In the open yard before the Rainbow the party of guests were already assembled, though it was still nearly an hour before the appointed feast time. But by this means they could not only enjoy the slow advent of their pleasure; they had also ample leisure to talk of Silas Marner's strange history, and arrive by due degrees at the conclusion that he had brought a blessing on himself by acting like a father to a lone motherless child. Even the farrier did not negative this sentiment: on the contrary, he took it up as peculiarly his own, and invited any hardy person present to contradict him. But he met with no contradiction; and all differences among the company were merged in a general agreement with Mr. Snell's sentiment, that when a man had deserved his good luck, it was the part of his neighbours to wish him joy.

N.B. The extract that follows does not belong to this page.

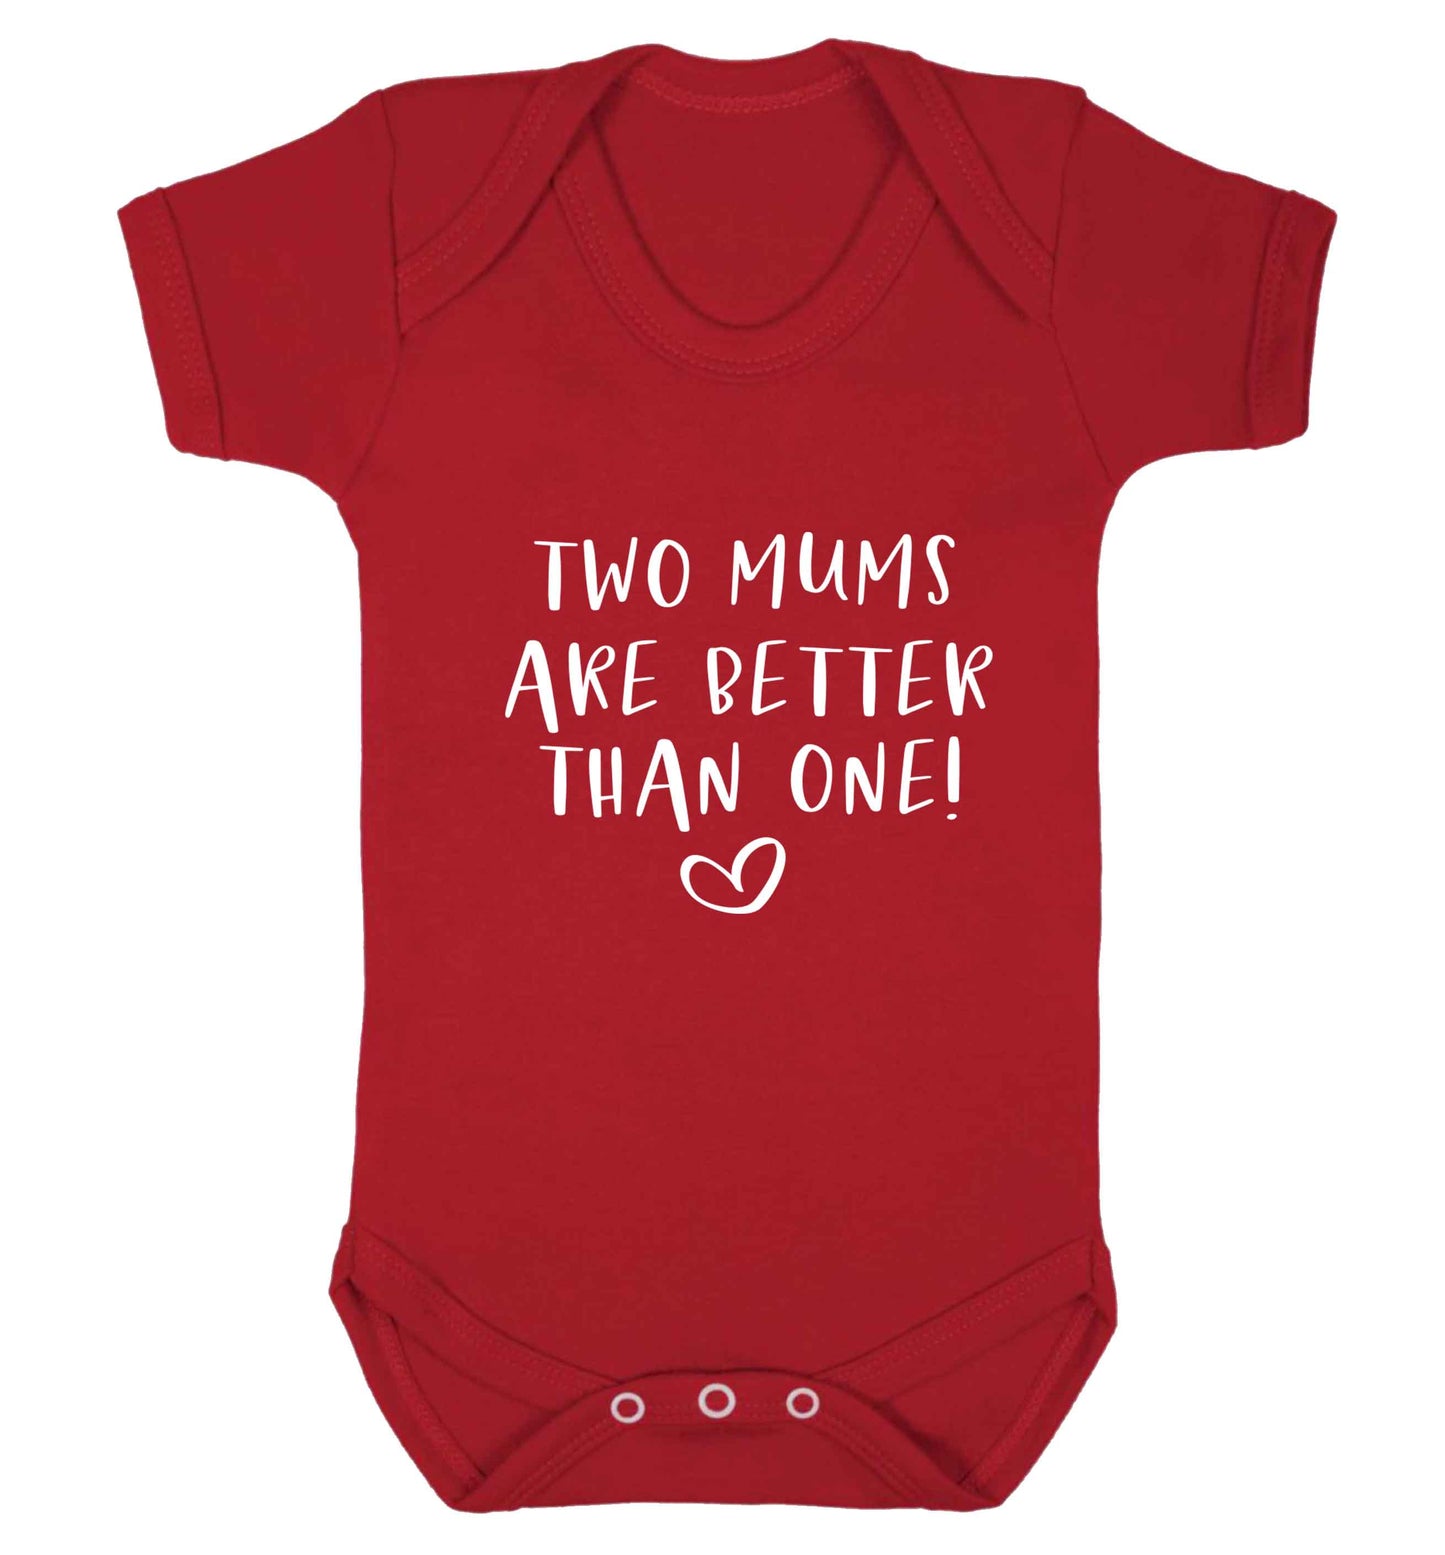 Two mums are better than one baby vest red 18-24 months

As the bridal group approached, a hearty cheer was raised in the Rainbow yard; and Ben Winthrop, whose jokes had retained their acceptable flavour, found it agreeable to turn in there and receive congratulations; not requiring the proposed interval of quiet at the Stone-pits before joining the company.

Eppie had a larger garden than she had ever expected there now; and in other ways there had been alterations at the expense of Mr. Cass, the landlord, to suit Silas's larger family. For he and Eppie had declared that they would rather stay at the Stone-pits than go to any new home. The garden was fenced with stones on two sides, but in front there was an open fence, through which the flowers shone with answering gladness, as the four united people came within sight of them.

"O father," said Eppie, "what a pretty home ours is! I think nobody could be happier than we are."